Mistaking the model

Economists are often mocked for using highly simplified models that do not reflect reality. The tone of this mockery got angrier after the 2007-2008 financial crisis, when critics argued that economists were blinded by a few highly mathematical models and an ideological belief in “free” markets.

In a new and compelling book “Economics Rules” Dani Rodrik, a Harvard economist, has come up with a defense of the economists’ toolkit – those maligned models.  Rodrik argues that reality is so complex you have to simplify situations to be able to analyze cause and effect:

Simple models of the type that economists construct are absolutely essential to understanding the workings of society. Their simplicity, formalism, and neglect of many facets of the real world are precisely what makes them valuable. These are a feature, not a bug. What makes a model useful is that it captures an aspect of reality. What makes it indispensable, when used well, is that it captures the most relevant aspect of reality in a given context. Different contexts – different markets, social settings, countries, time periods and so on – require different models. And this is where economists typically get into trouble.
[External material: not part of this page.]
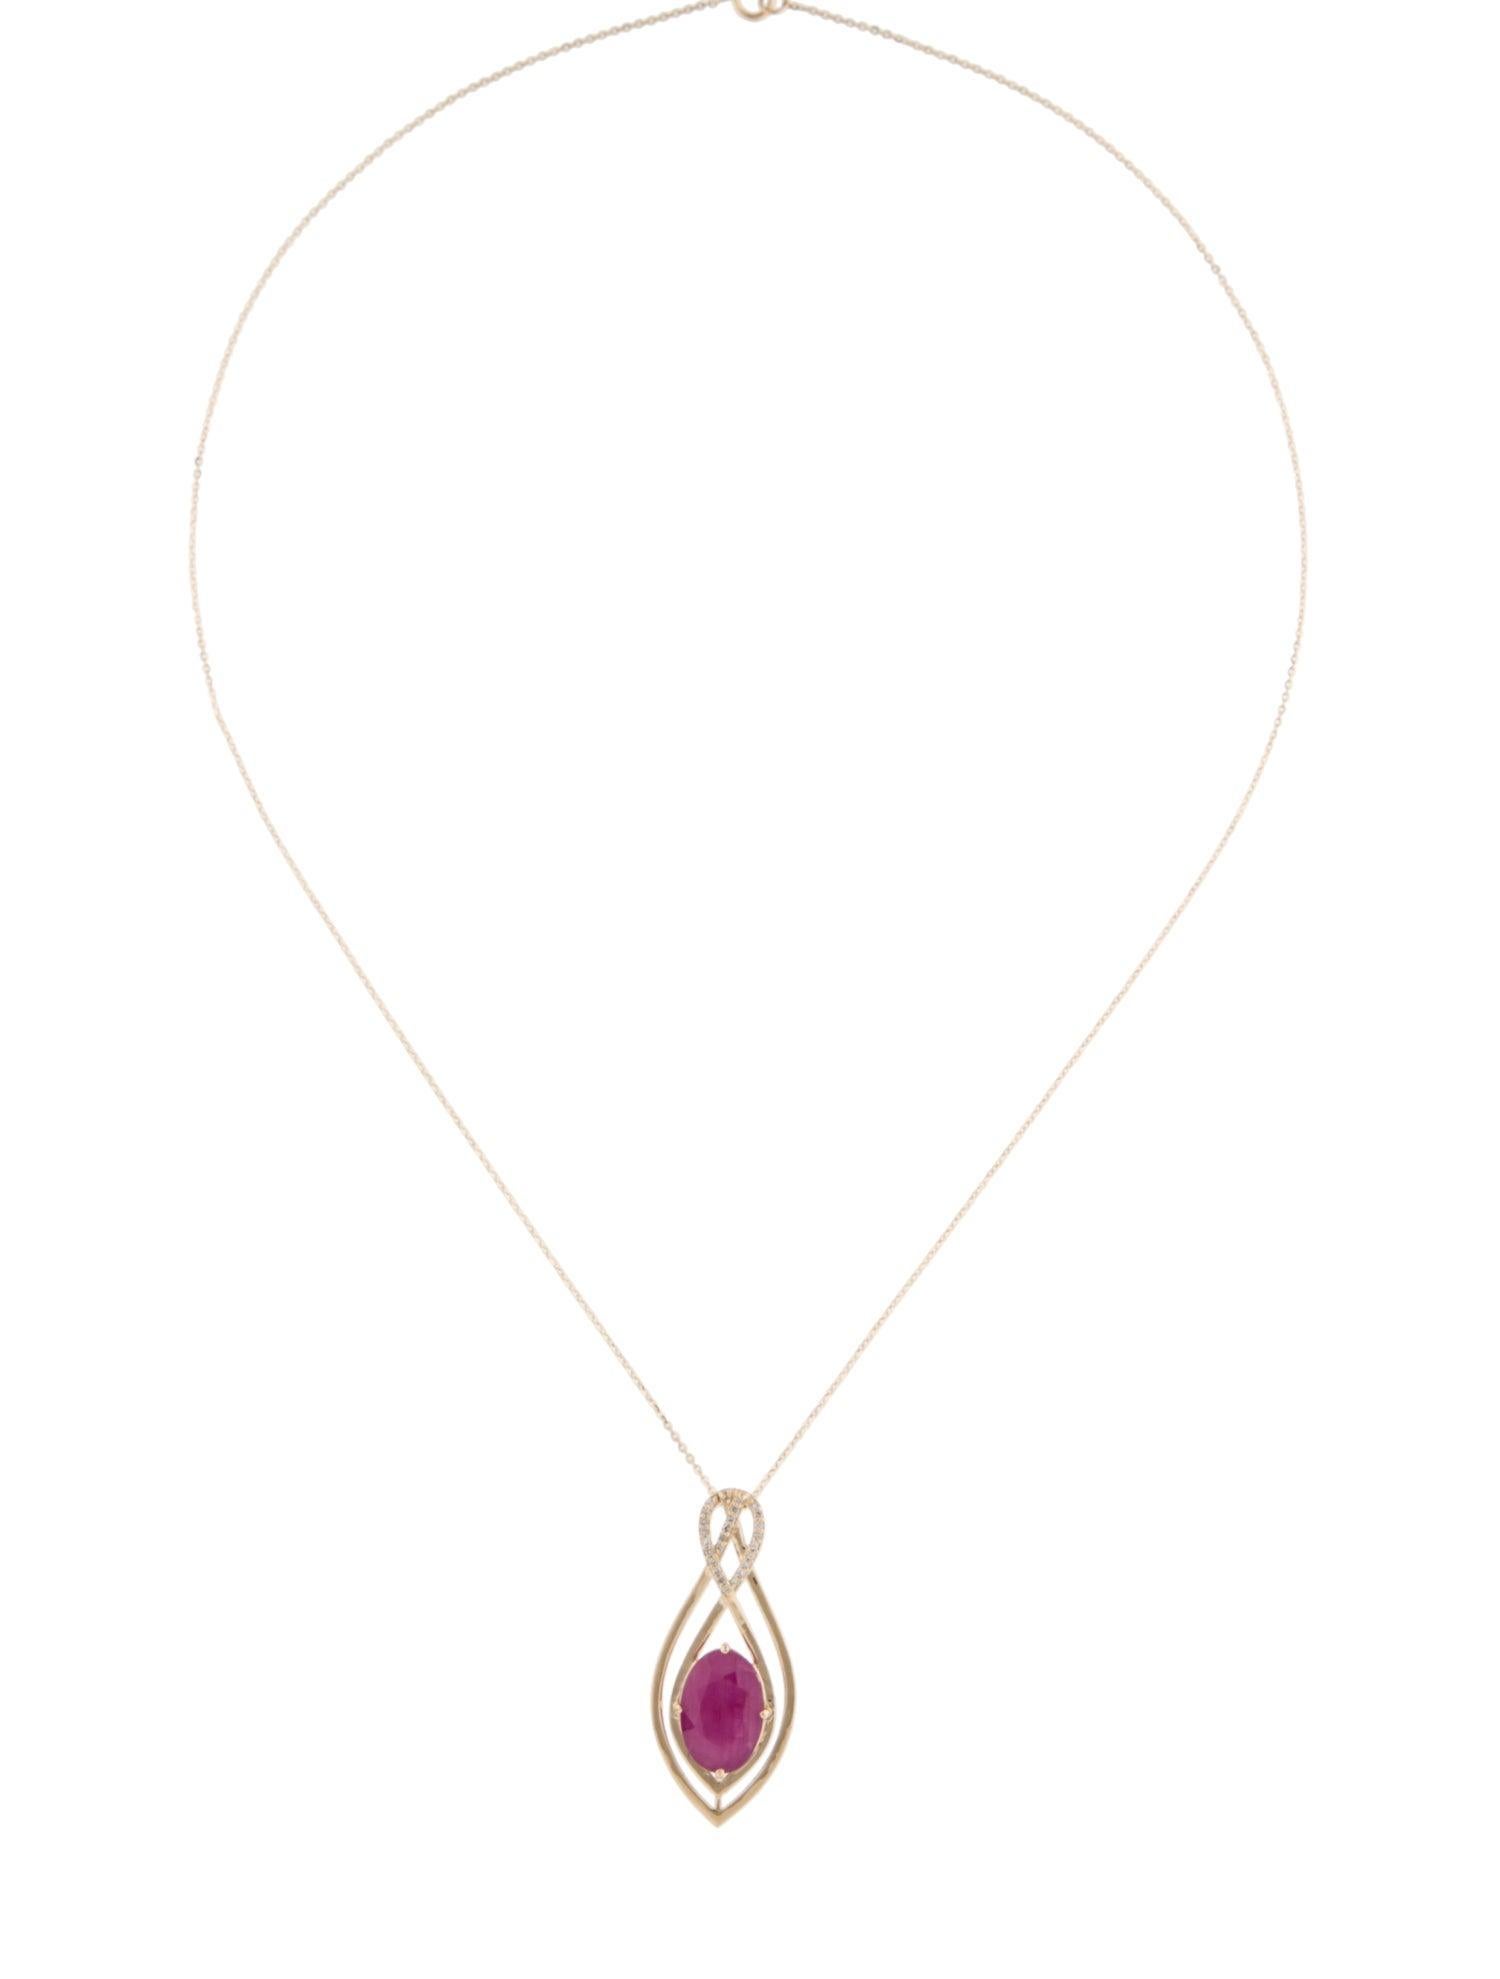 Women's Exquisite 14K Ruby & Diamond Pendant Necklace  4.07ct Gemstone Sparkle For Sale
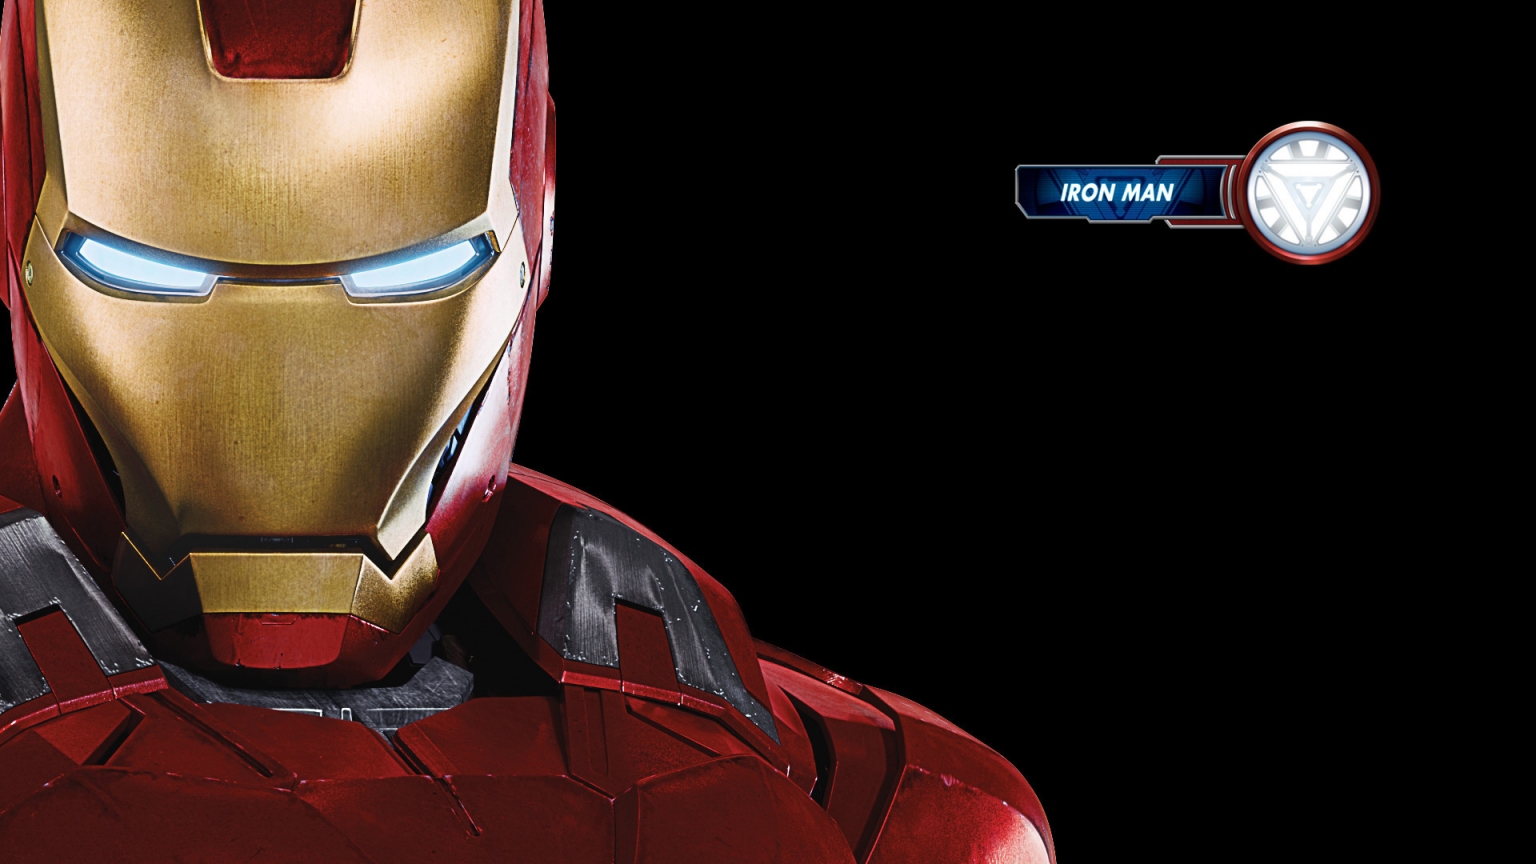 The Avengers Iron Man for 1536 x 864 HDTV resolution

They often discard their professions’ most valuable contribution – the multiplicity of models tailored to a variety of settings – in favor of the search for the one and only universal model. When models are selected judiciously, they are a source of illumination. When used dogmatically, they lead to hubris and errors.
— Economics Rules, Dani Rodrik, 2015

Prior to the financial crisis Rodrik was regarded by some economists as a bit of a maverick for the models he straddled. So he probably enjoyed writing this book.